• _TASK PROMPT_: In the material below, find the line with "Perceeloppervlakte Lambrecht Van" and the line with "Illustration vectorielle d'un". Output exactly those two lines and all lines between them, leaving out pictures.

• _DATASET ENTRIES_:
⁂

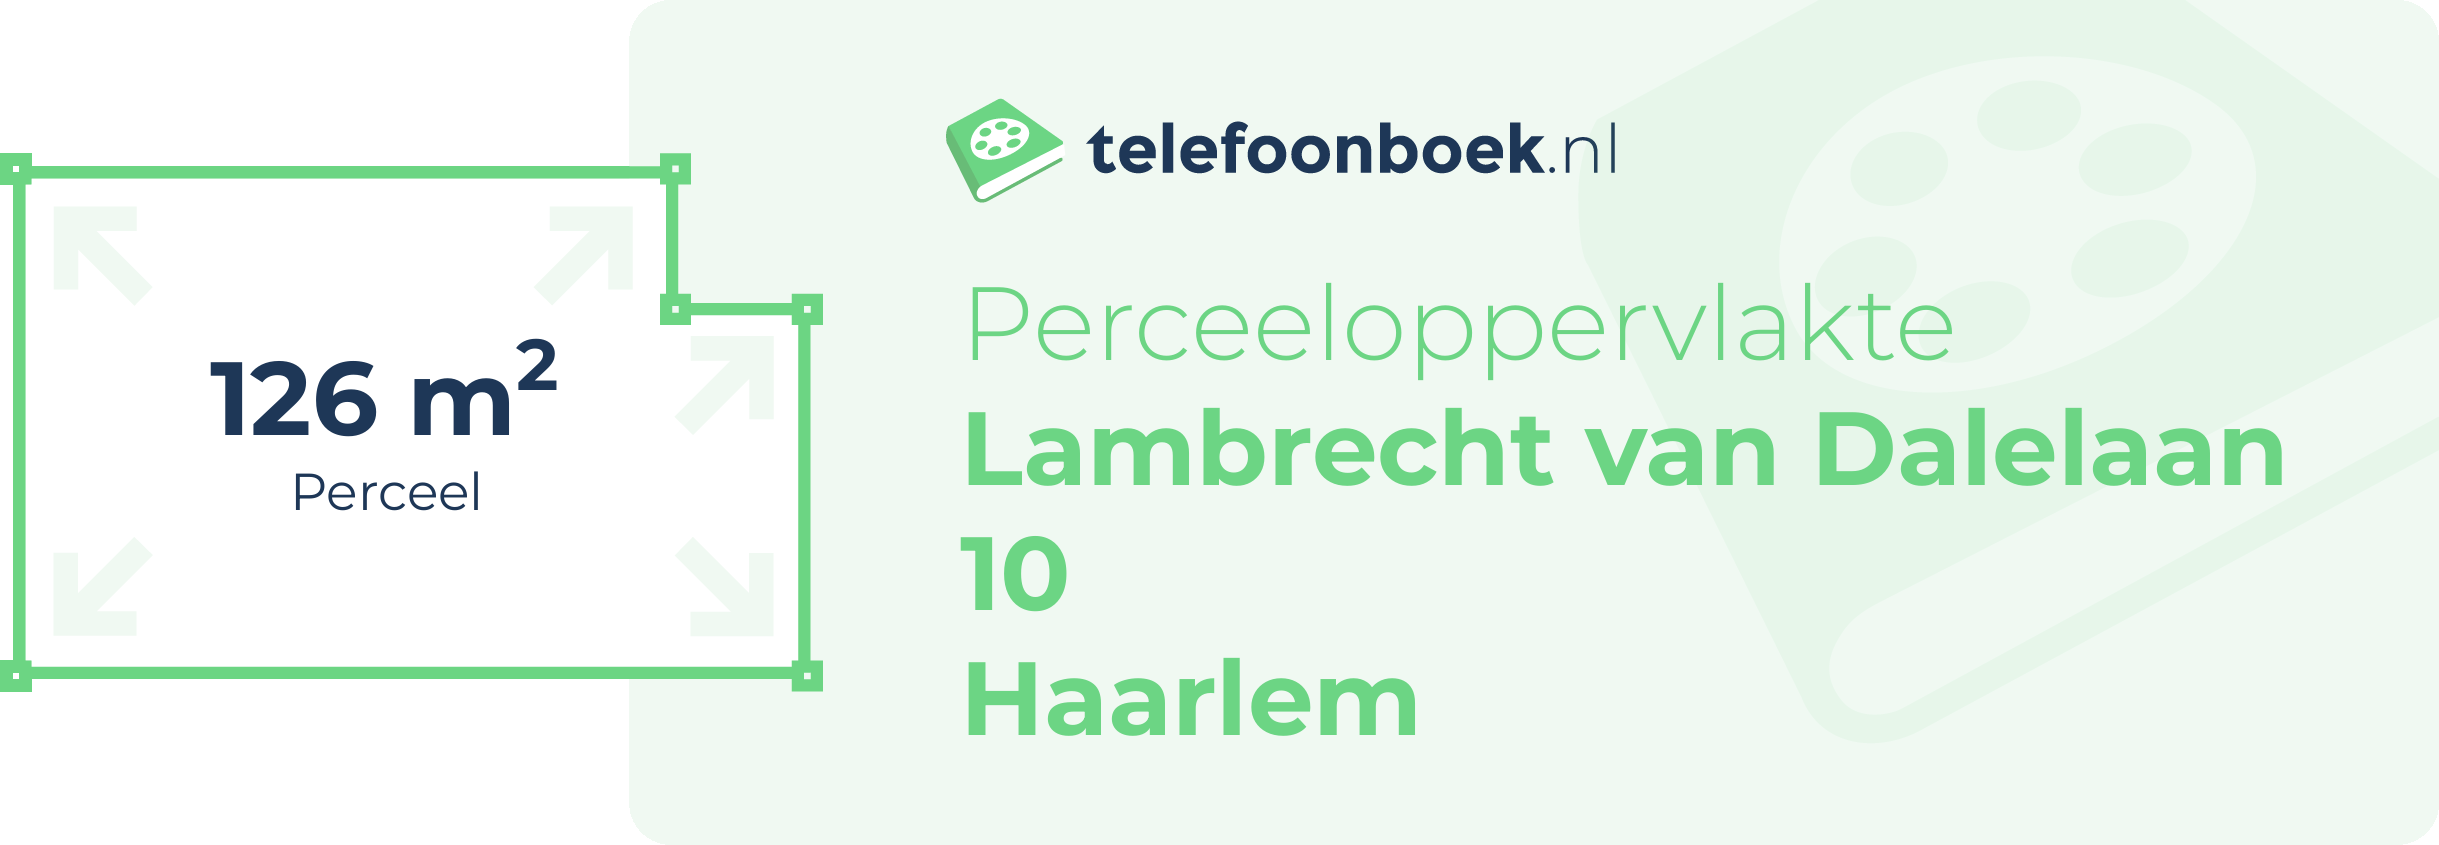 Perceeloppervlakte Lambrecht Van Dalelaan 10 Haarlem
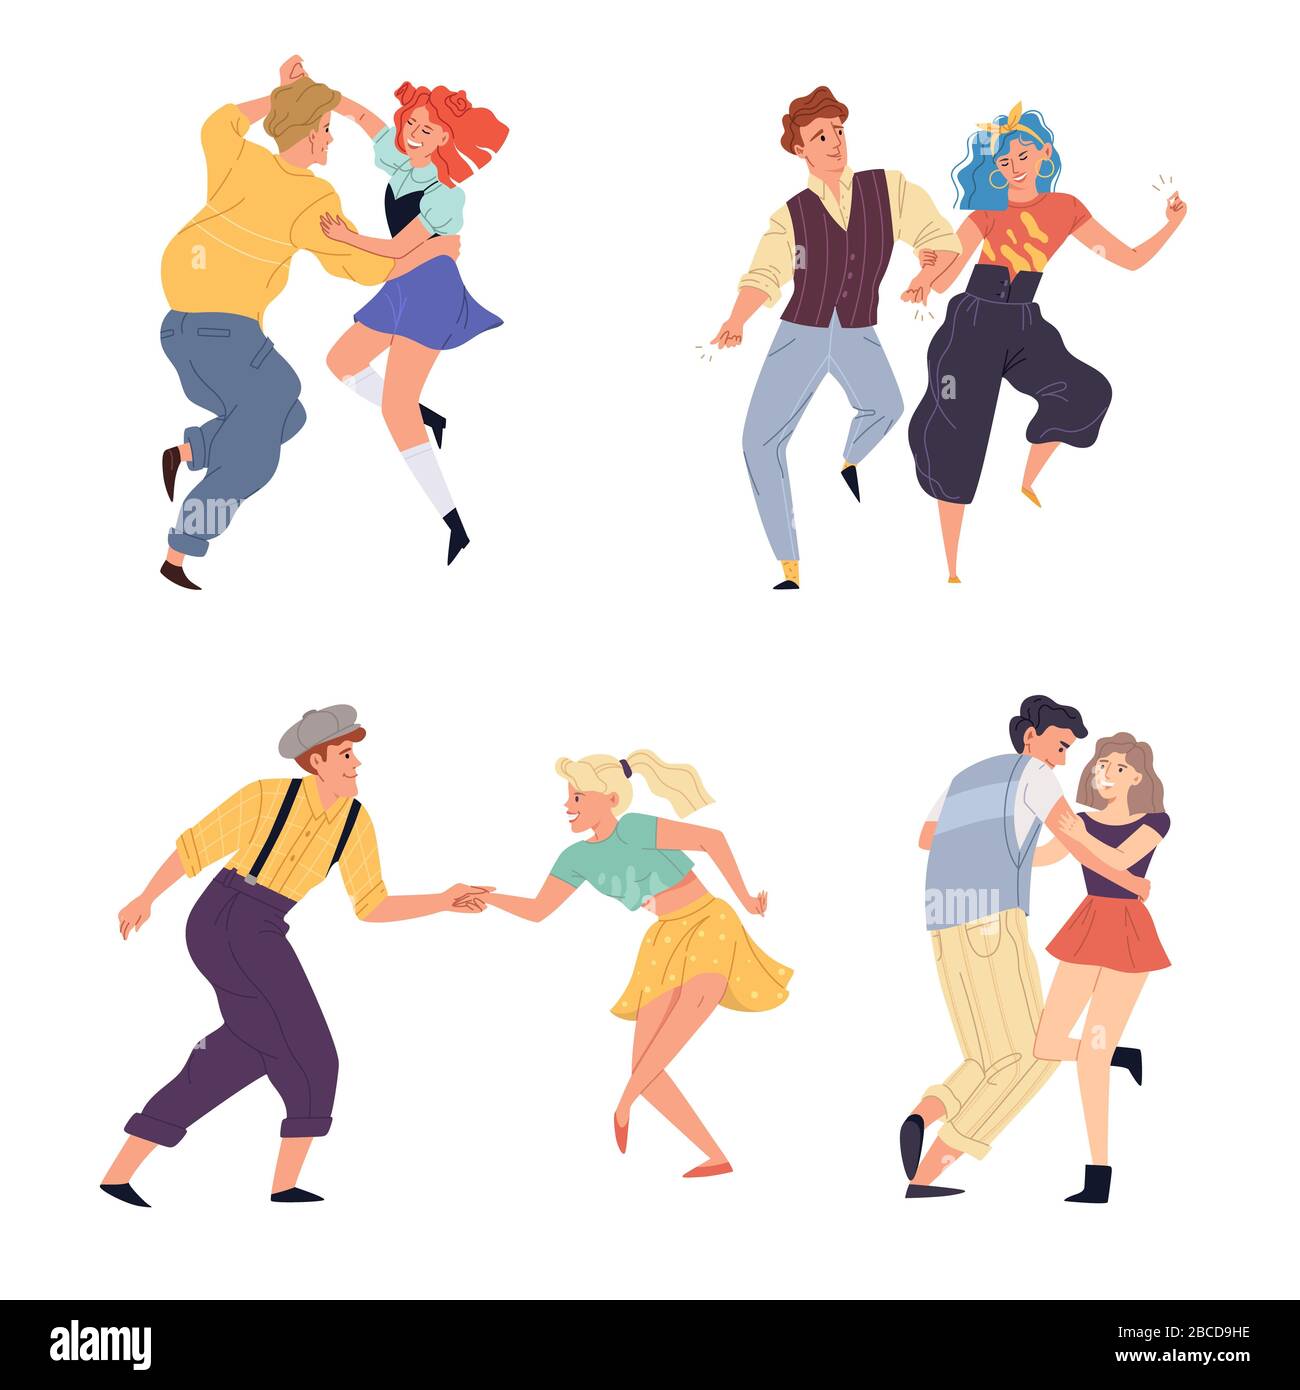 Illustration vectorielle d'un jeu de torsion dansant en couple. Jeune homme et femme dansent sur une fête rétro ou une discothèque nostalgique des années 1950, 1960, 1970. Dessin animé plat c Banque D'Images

⁂

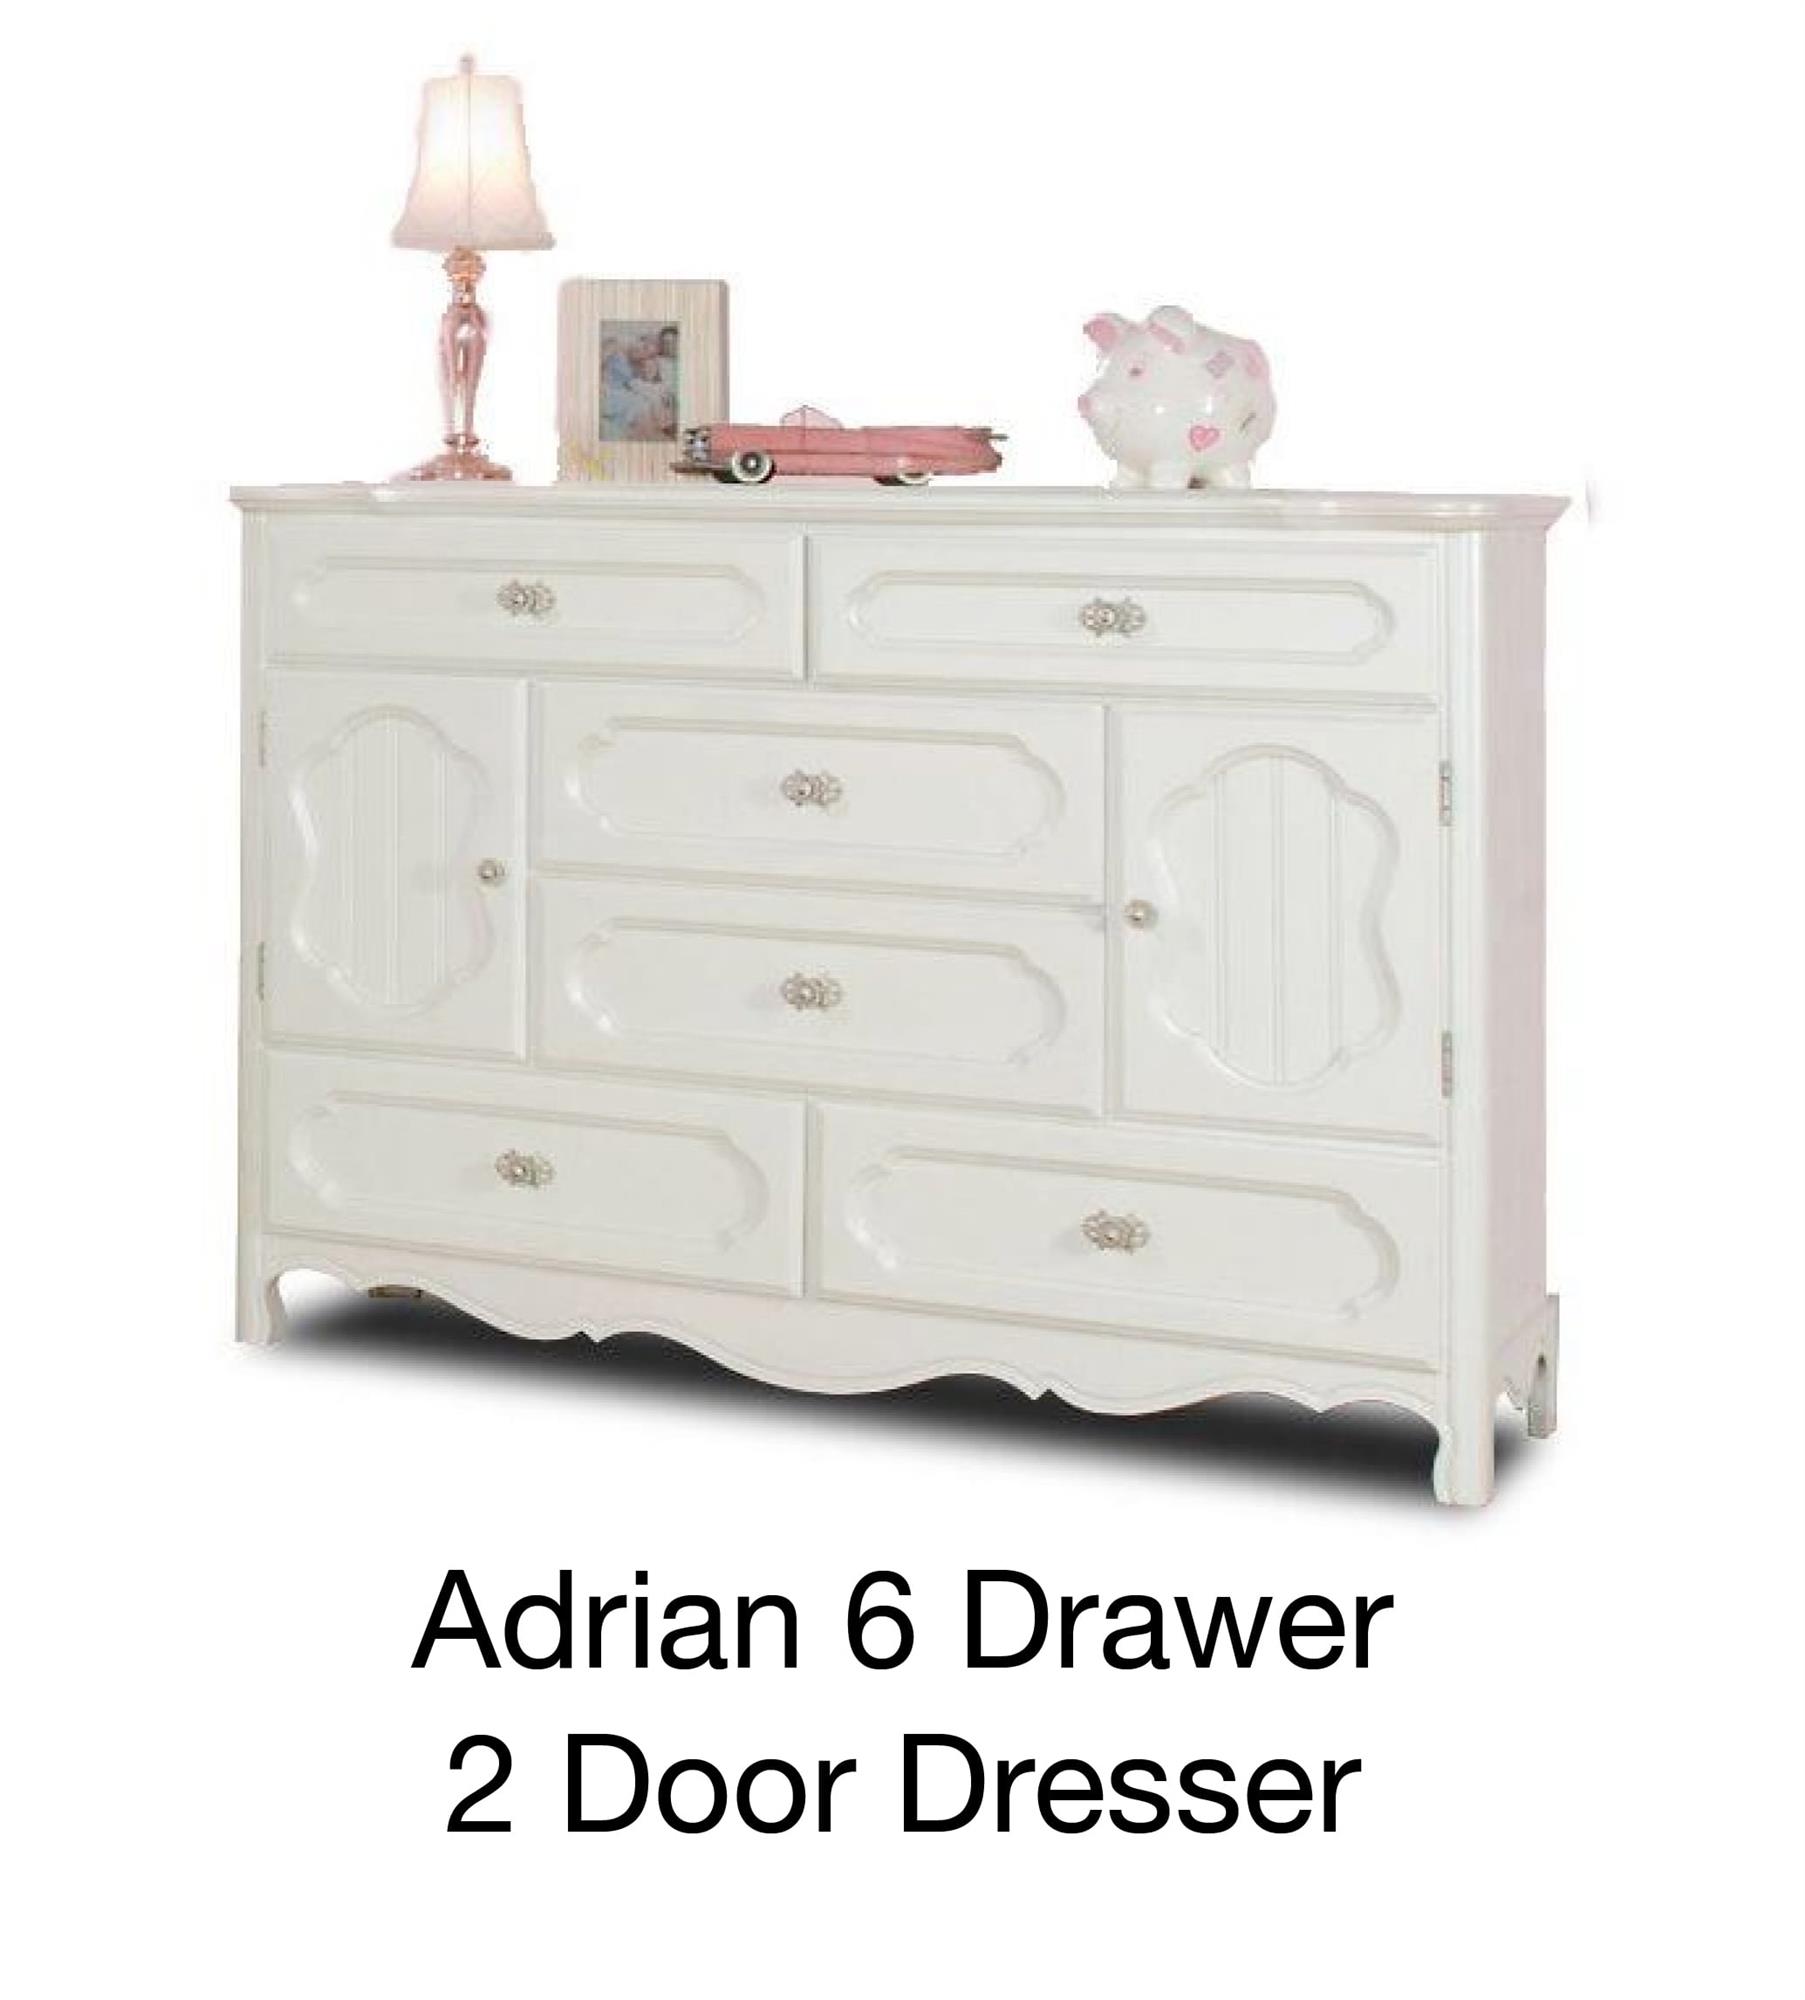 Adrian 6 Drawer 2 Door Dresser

⁂

• _SOLUTION FOR THIS EXERCISE_:
 Perceeloppervlakte Lambrecht Van Dalelaan 10 Haarlem
 Illustration vectorielle d'un jeu de torsion dansant en couple. Jeune homme et femme dansent sur une fête rétro ou une discothèque nostalgique des années 1950, 1960, 1970. Dessin animé plat c Banque D'Images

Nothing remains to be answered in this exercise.